I think i make the right moves to do that, but im not 100% sure so i ask you guys.

First of all here is my little script:

#imports
from sklearn.datasets import fetch_20newsgroups
from sklearn.feature_extraction.text import CountVectorizer
from sklearn.feature_extraction.text import TfidfTransformer
from sklearn.naive_bayes import MultinomialNB
#dictionary for mapping the targets
categories_dict = {'0' : 'politiker','1' : 'nonprofit org'}

import glob
#get filenames from docs
filepaths = glob.glob('Data/*.txt')
print(filepaths)

docs = []

for path in filepaths:
doc = open(path,'r')
docs.append(doc.read())
#print docs


count_vect = CountVectorizer()
#train Data
X_train_count = count_vect.fit_transform(docs)
#print X_train_count.shape

#tfidf transformation (occurences to frequencys)
tfdif_transform = TfidfTransformer()
X_train_tfidf = tfdif_transform.fit_transform(X_train_count)

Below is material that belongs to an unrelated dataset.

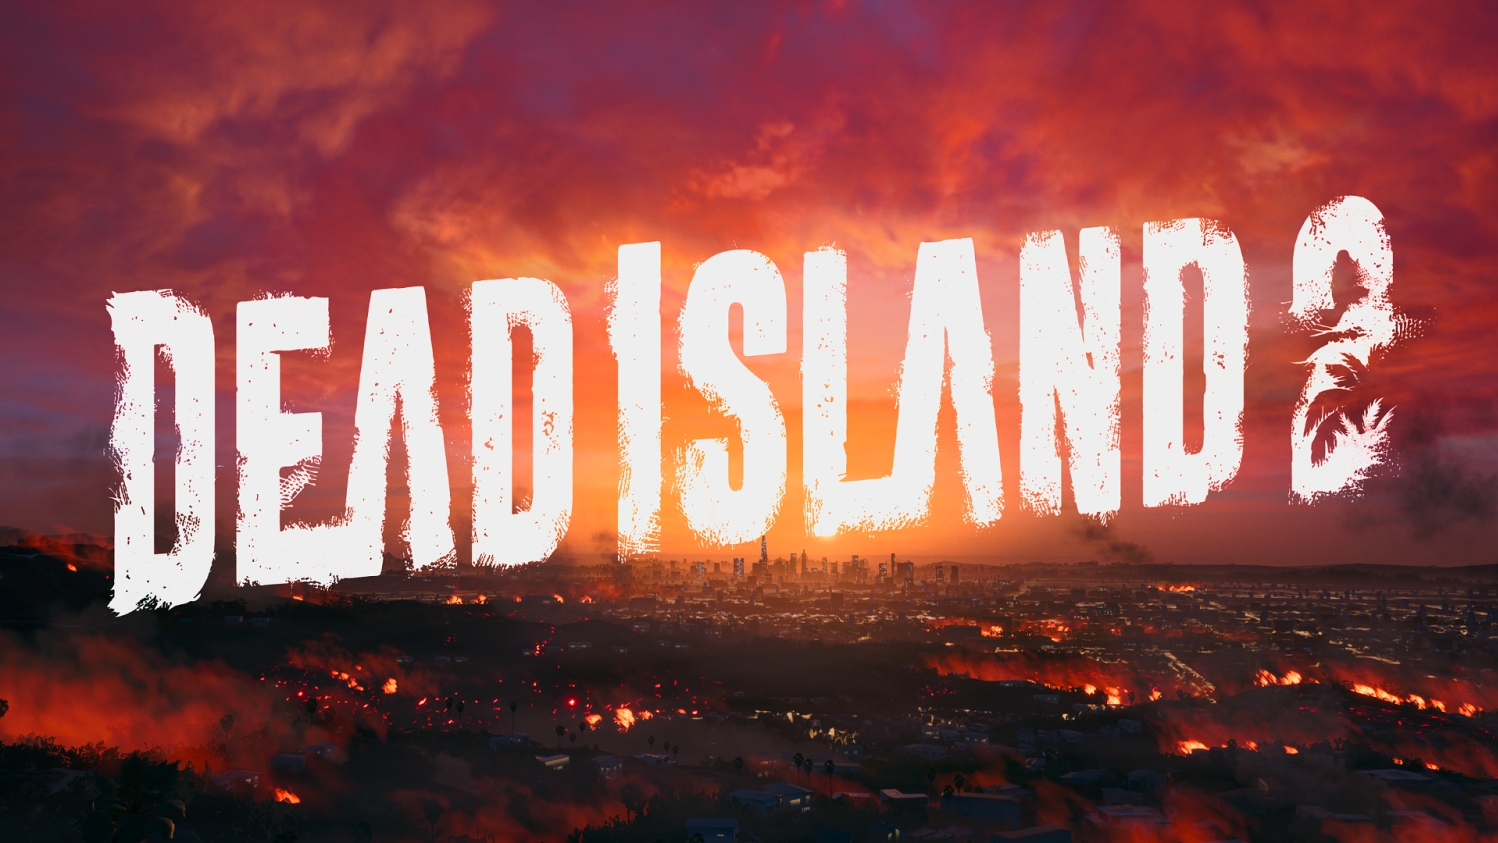  Dead Island 2: Day 1 Edition - PlayStation 4 : Plaion

#get the categories you want to predict in a set, these must be in the order the train        docs are!
categories = ['0','0','0','1','1']
clf = MultinomialNB().fit(X_train_tfidf,categories)

#try to predict
to_predict = ['Barack Obama is the President of the United States','Greenpeace']

#transform(not fit_transform) the new data you want to predict
X_pred_counts = count_vect.transform(to_predict)
X_pred_tfidf = tfdif_transform.transform(X_pred_counts)
print X_pred_tfidf

#predict
predicted = clf.predict(X_pred_tfidf)

for doc,category in zip(to_predict,predicted):
    print('%r => %s' %(doc,categories_dict[category]))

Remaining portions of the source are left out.